Here for constructing 95% confidence interval we have used Two-sample z proportion statistics.

So, 95% confidence interval for the difference between population proportions,  is ;

P(-1.96 < N(0,1) < 1.96) = 0.95  {As the critical value of z at 2.5% level

                                                     of significance are -1.96 & 1.96}  

P(-1.96 < $\frac{(\hat p_1-\hat p_2)-(p_1-p_2)}{\sqrt{\frac{\hat p_1(1-\hat p_1)}{n_1}+ \frac{\hat p_2(1-\hat p_2)}{n_2}} }$ < 1.96) = 0.95

P( $-1.96 \times {\sqrt{\frac{\hat p_1(1-\hat p_1)}{n_1}+ \frac{\hat p_2(1-\hat p_2)}{n_2}} }$ < ${(\hat p_1-\hat p_2)-(p_1-p_2)}$ < $1.96 \times {\sqrt{\frac{\hat p_1(1-\hat p_1)}{n_1}+ \frac{\hat p_2(1-\hat p_2)}{n_2}} }$ ) = 0.95

P( $(\hat p_1-\hat p_2)-1.96 \times {\sqrt{\frac{\hat p_1(1-\hat p_1)}{n_1}+ \frac{\hat p_2(1-\hat p_2)}{n_2}} }$ < $(p_1-p_2)}$ < $(\hat p_1-\hat p_2)+1.96 \times {\sqrt{\frac{\hat p_1(1-\hat p_1)}{n_1}+ \frac{\hat p_2(1-\hat p_2)}{n_2}} }$ ) = 0.95

95% confidence interval for $(p_1-p_2)}$ =

[$(\hat p_1-\hat p_2)-1.96 \times {\sqrt{\frac{\hat p_1(1-\hat p_1)}{n_1}+ \frac{\hat p_2(1-\hat p_2)}{n_2}} }$,$(\hat p_1-\hat p_2)+1.96 \times {\sqrt{\frac{\hat p_1(1-\hat p_1)}{n_1}+ \frac{\hat p_2(1-\hat p_2)}{n_2}} }$]
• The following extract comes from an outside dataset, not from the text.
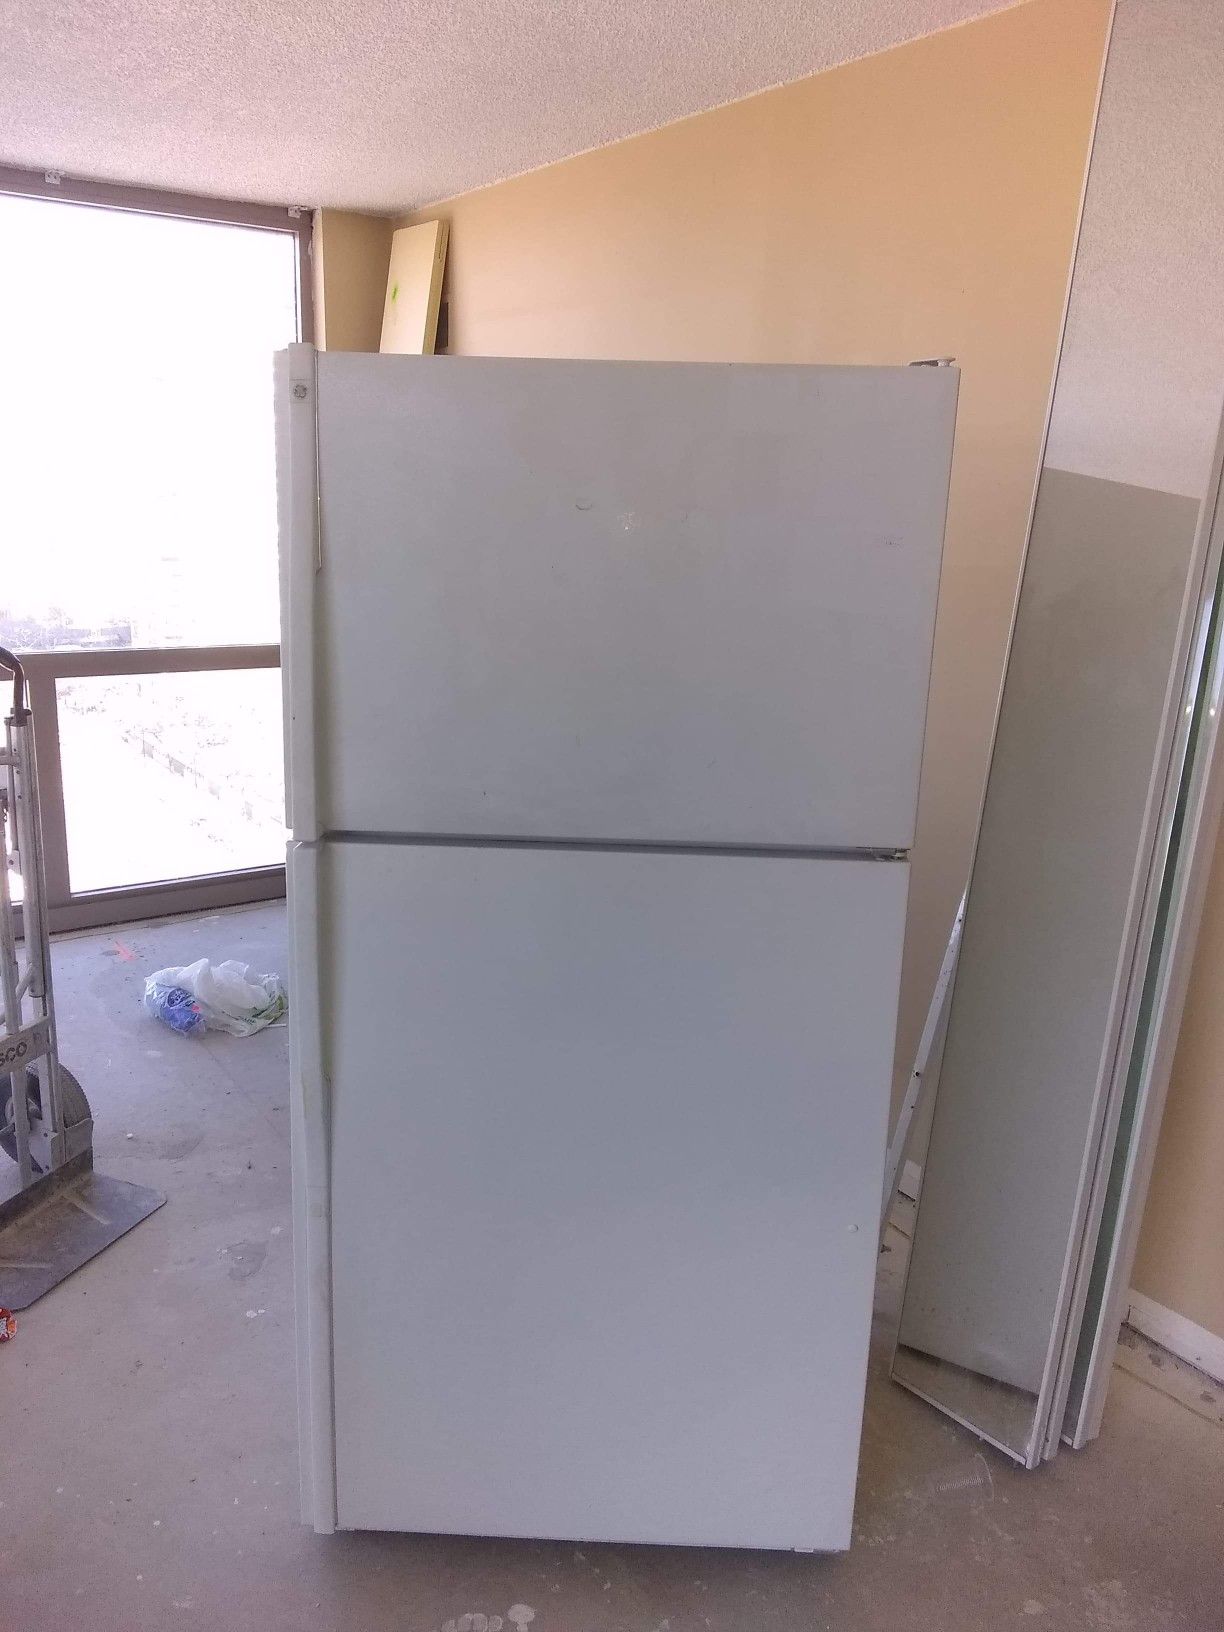 2 fridges

= [ $(0.89-0.78)-1.96 \times {\sqrt{\frac{0.89(1-0.89)}{120}+ \frac{0.78(1-0.78)}{76}} }$ , $(0.89-0.78)+1.96 \times {\sqrt{\frac{0.89(1-0.89)}{120}+ \frac{0.78(1-0.78)}{76}} }$ ]

 = [0.00134 , 0.219]

Therefore, 95% confidence interval for the difference in population proportions of couples with children and with no children is [0.00134 , 0.219].